More than half of the EU's 25 present and future member-states are likely to put the constitutional treaty to a referendum and although he believes that EU leaders could find agreement among themselves, Dr Crum predicts trouble at the ratification stage.

"This will require the cajoling we already witnessed following the Danish rejection of the Maastricht Treaty and the Irish 'No' to the Treaty of Nice: some concessions will be made (preferably symbolic ones) and then, with a major public relations effort, the citizens will be given a second chance. All this is bound only to reinforce the downward trend of popular appreciation of the EU."

Dr Crum proposes that EU leaders should agree this month to take a break from negotiations but should agree a timetable for their resumption and pledge to complete work on the constitutional treaty. He acknowledges the danger that, as the treaty is subjected to public debate and governments change in some member-states, agreements already reached could begin to unravel.

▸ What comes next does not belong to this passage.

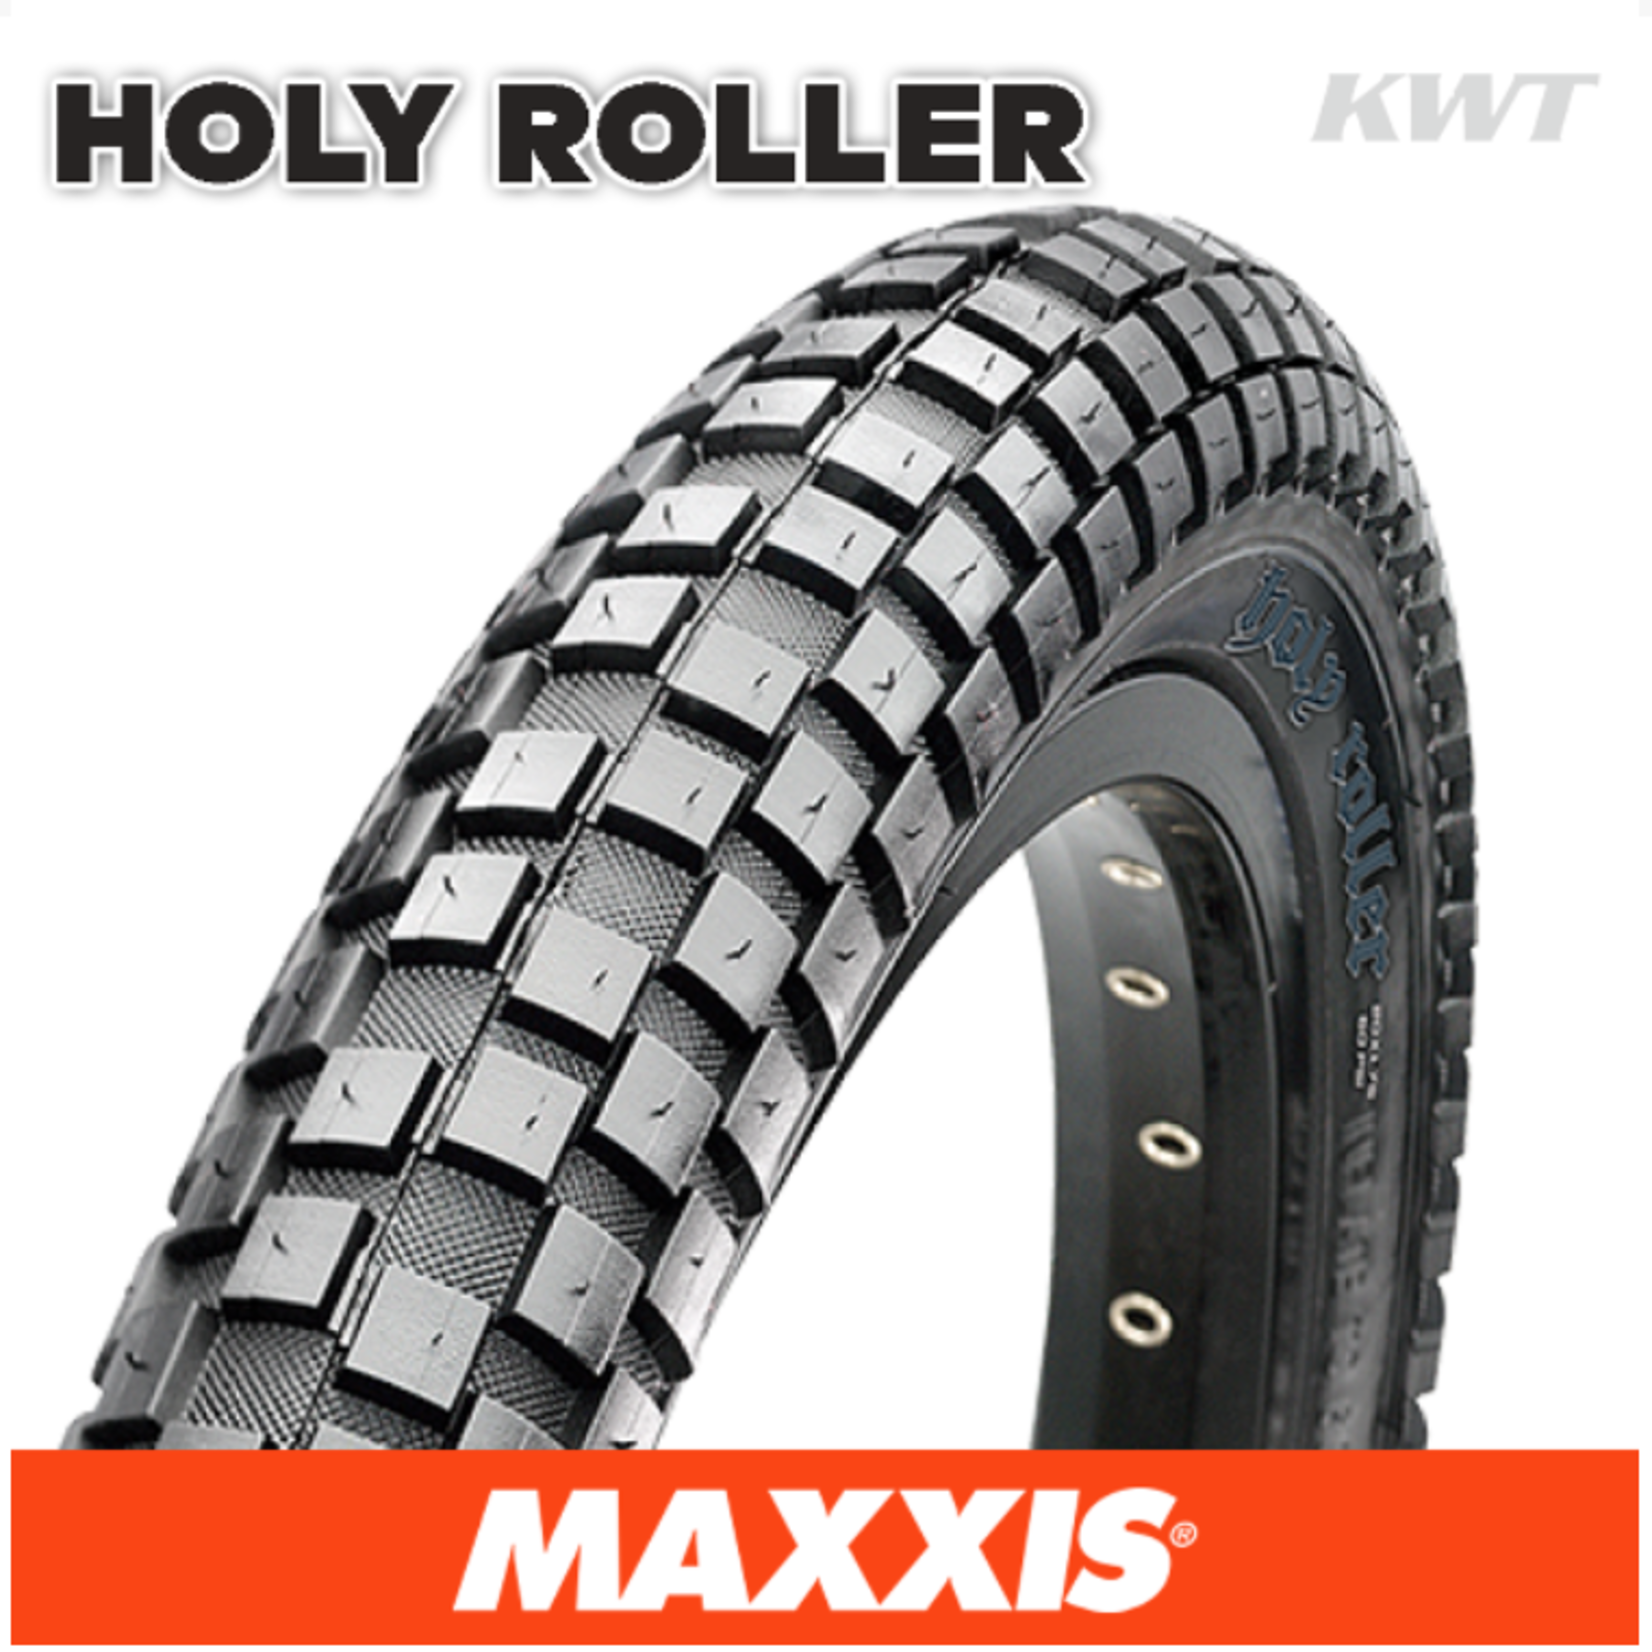 MAXXIS HOLY ROLLER 20 X 2.20 70a

This anxiety is one that figures strongly in the Taoiseach's calculations as he makes his decision, along with the fear that some countries could use a pause in negotiations to back away from the treaty altogether. Mr Ahern is surely right to seek agreement as early as possible but Dr Crum has identified an important deficiency in the negotiations so far - their failure to engage the popular imagination.

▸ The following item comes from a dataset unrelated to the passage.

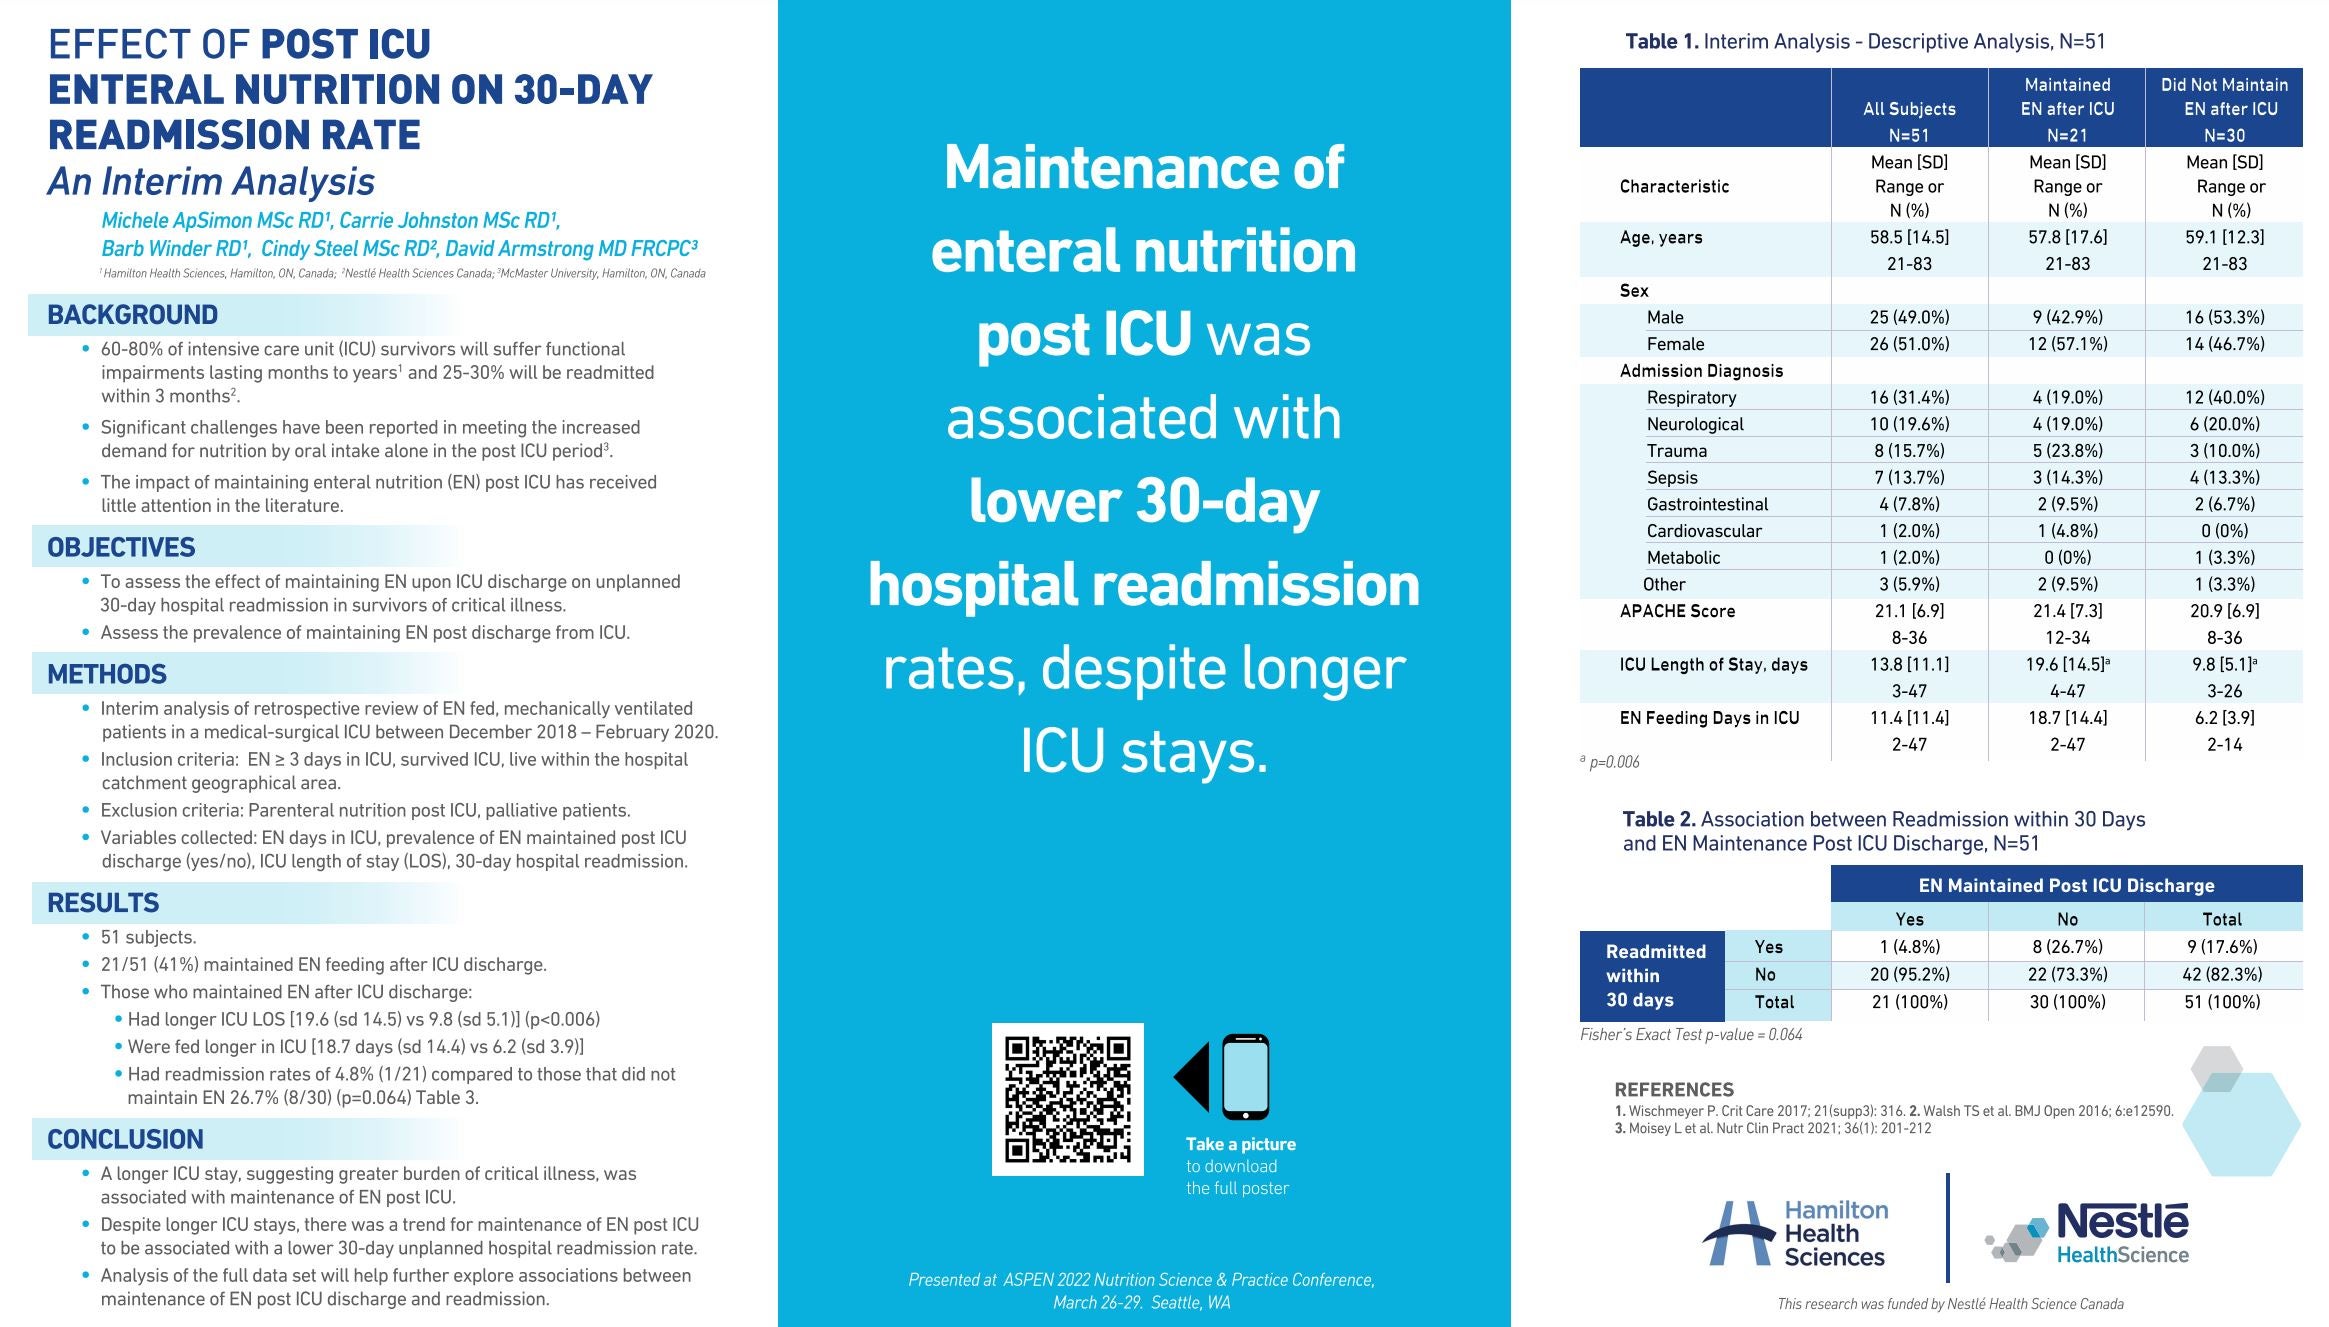 Effect of Post-ICU Enteral Nutrition on 30-Day Readmission Rate

Despite the diversity of its composition, the Convention on the Future of Europe left most citizens cold, partly because it had to spend so much time on arcane details but also because so much of the action took place in the secrecy of the Praesidium rather than in plenary sessions.

If the Irish presidency succeeds in finding agreement among EU leaders by June, it will have triumphed over early expectations but, as Mr Ahern knows from bitter experience, it is afterwards that the most difficult task will begin - that of winning the support of Europe's citizens.